The lawsuit accuses top Turkish officials including President Erdogan of ‘war crimes.’ While largely symbolic, the lawsuit adds to a growing list of contentious issues between Turkey and Germany.
A group of German lawmakers and rights activists on Monday filed a civil lawsuit against Turkish President Recep Tayyip Erdogan for alleged “war crimes” committed in ongoing military operations in the Kurdish populated southeast of the country.
Lawyers Britta Eder and Petra Dervishaj filed the more than 200-page document with Federal prosecutors in Berlin as “an ethical obligation to bring charges here in Germany against Turkey for war crimes.” The complaint also mentions former prime minister Ahmet Davutoglu and other top officials from the government, military and police.
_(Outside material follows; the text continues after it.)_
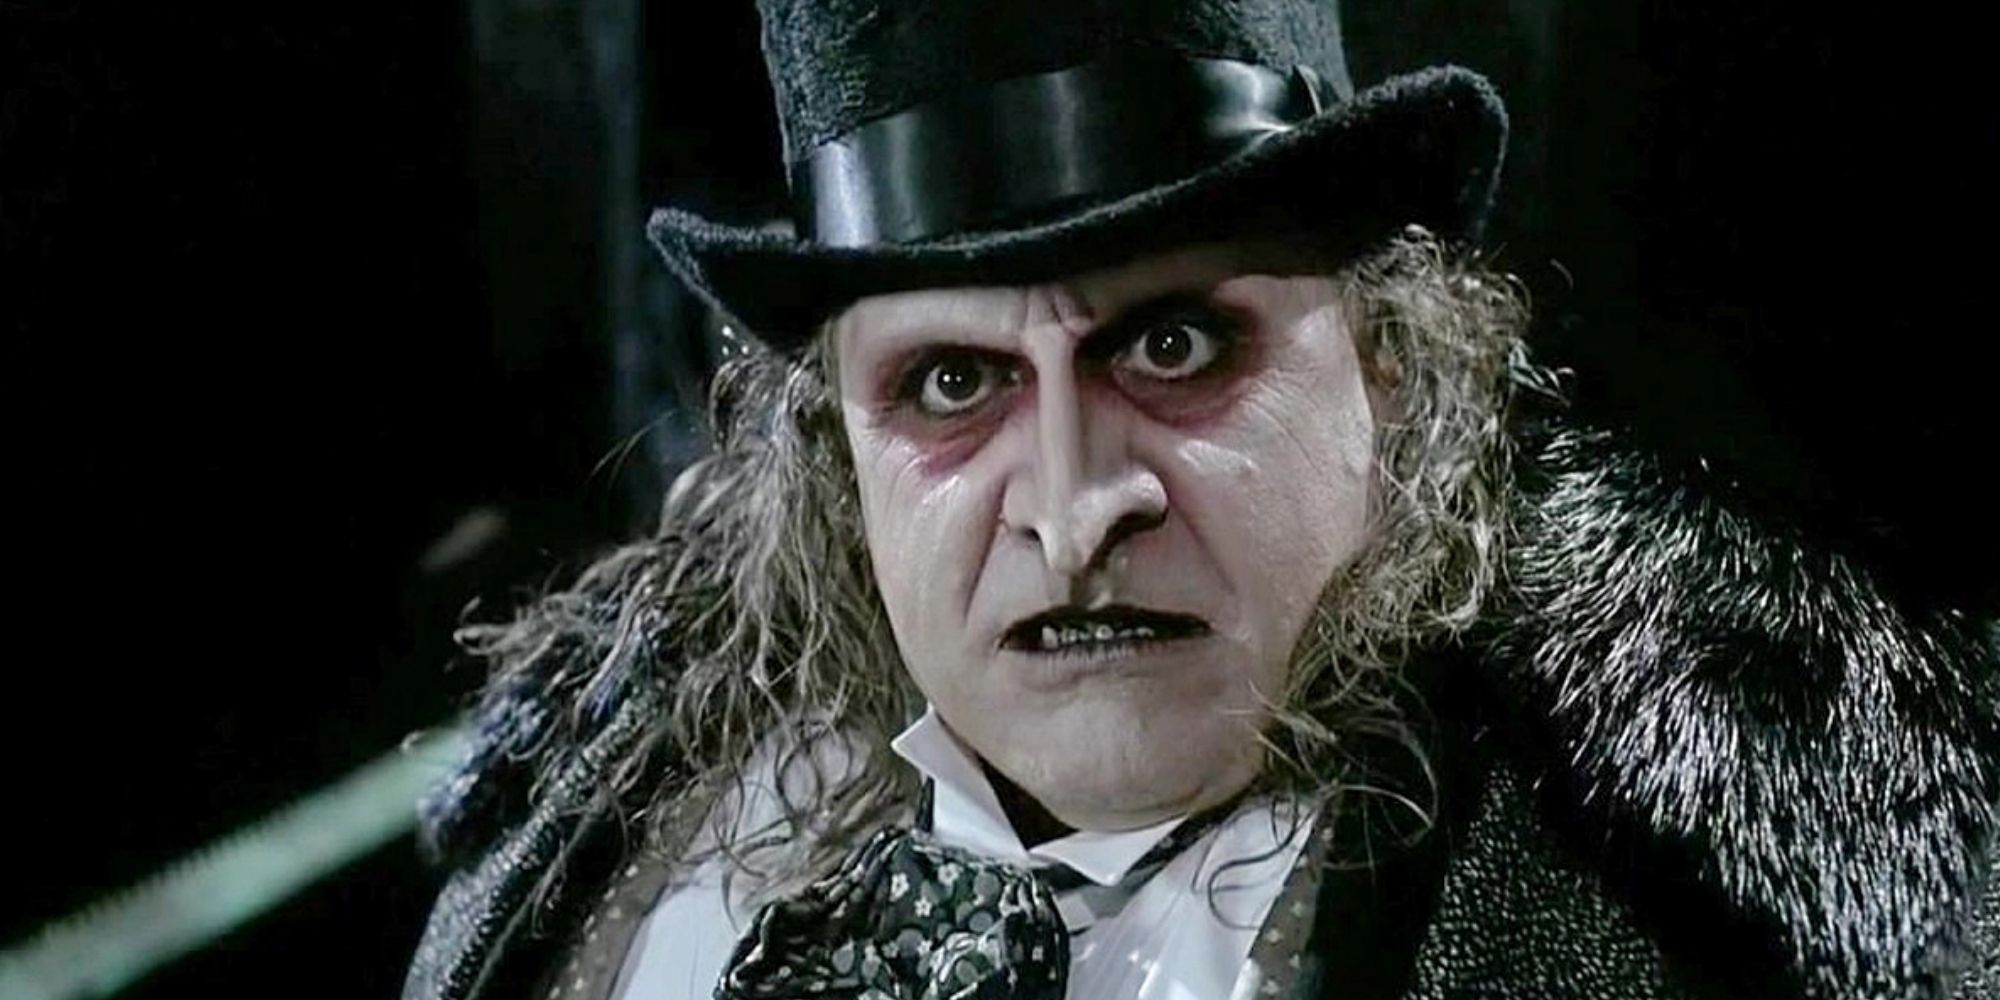 Danny DeVito in 'Batman Returns' (1992) in his Penguin costume, complete with makeup and prosthetics

The accusations echo those of Turkey’s Kurdish opposition and human rights groups, which have documented widespread abuses during months of counter-terror operations in southeast Turkey.
Peace process broken
Since a peace process and ceasefire broke down last year, several thousand soldiers and Kurdish militants have been killed, as well as more than 300 civilians caught between the warring parties.
In response to Kurdistan Workers’ Party (PKK) militants occupying urban areas in the southeast, Turkish security forces used heavy handed tactics – including tanks and artillery – and open ended curfews to root out the rebels. More than 1.5 million people were impacted by the curfews, according to the Turkish Human Rights Foundation.
Ulla Jelpke, an MP from Germany’s Left Party, said it was important to increase awareness among the public and government so that “in the future there will be much stronger and clearer protests against the actions of a NATO member against the Kurds and opposition.”
The lawsuit centers largely on events in Cizre, one of several urban areas in the Kurdish southeast that was heavily damaged and made to look like scenes from neighboring Syria.
According to the complaint, in the first half of September last year 21 people were killed. Many were shot by security forces near their homes during a state of emergency in the city.
In another allegation, 178 people were killed between December 2015 and March 2016. The 178 deaths occurred during what has come to be known as the “basement massacre,” when Turkish security forces stormed three residential basements where civilians were hiding. The security forces are alleged to have set fire to the crowded basements, or shot and killed civilians before torching the corpses.
The Turkish government has refrained from investigating the massacres and vowed to continue to fight terrorism. Human rights organizations and the UN have called for investigations into collective punishment, destruction of property, torture, arbitrary arrest and killings.
Turkish law for military immunity
The lawsuit comes a week after the Turkish parliament passed a law giving military officers immunity from prosecution for any human rights abuses committed during counter-terror operations.
While in many ways symbolic, the lawsuit adds to growing list of contentious issues between Berlin and Ankara at a time Chancellor Angela Merkel is relying on Turkey to implement a migration deal with the EU.
Merkel faces increasing criticism at home for not taking a harder stance on Turkey over a crackdown on the press, human rights abuses and deterioration of democracy in the country. A German parliament Armenian genocide resolution passed earlier this month is also testing relations.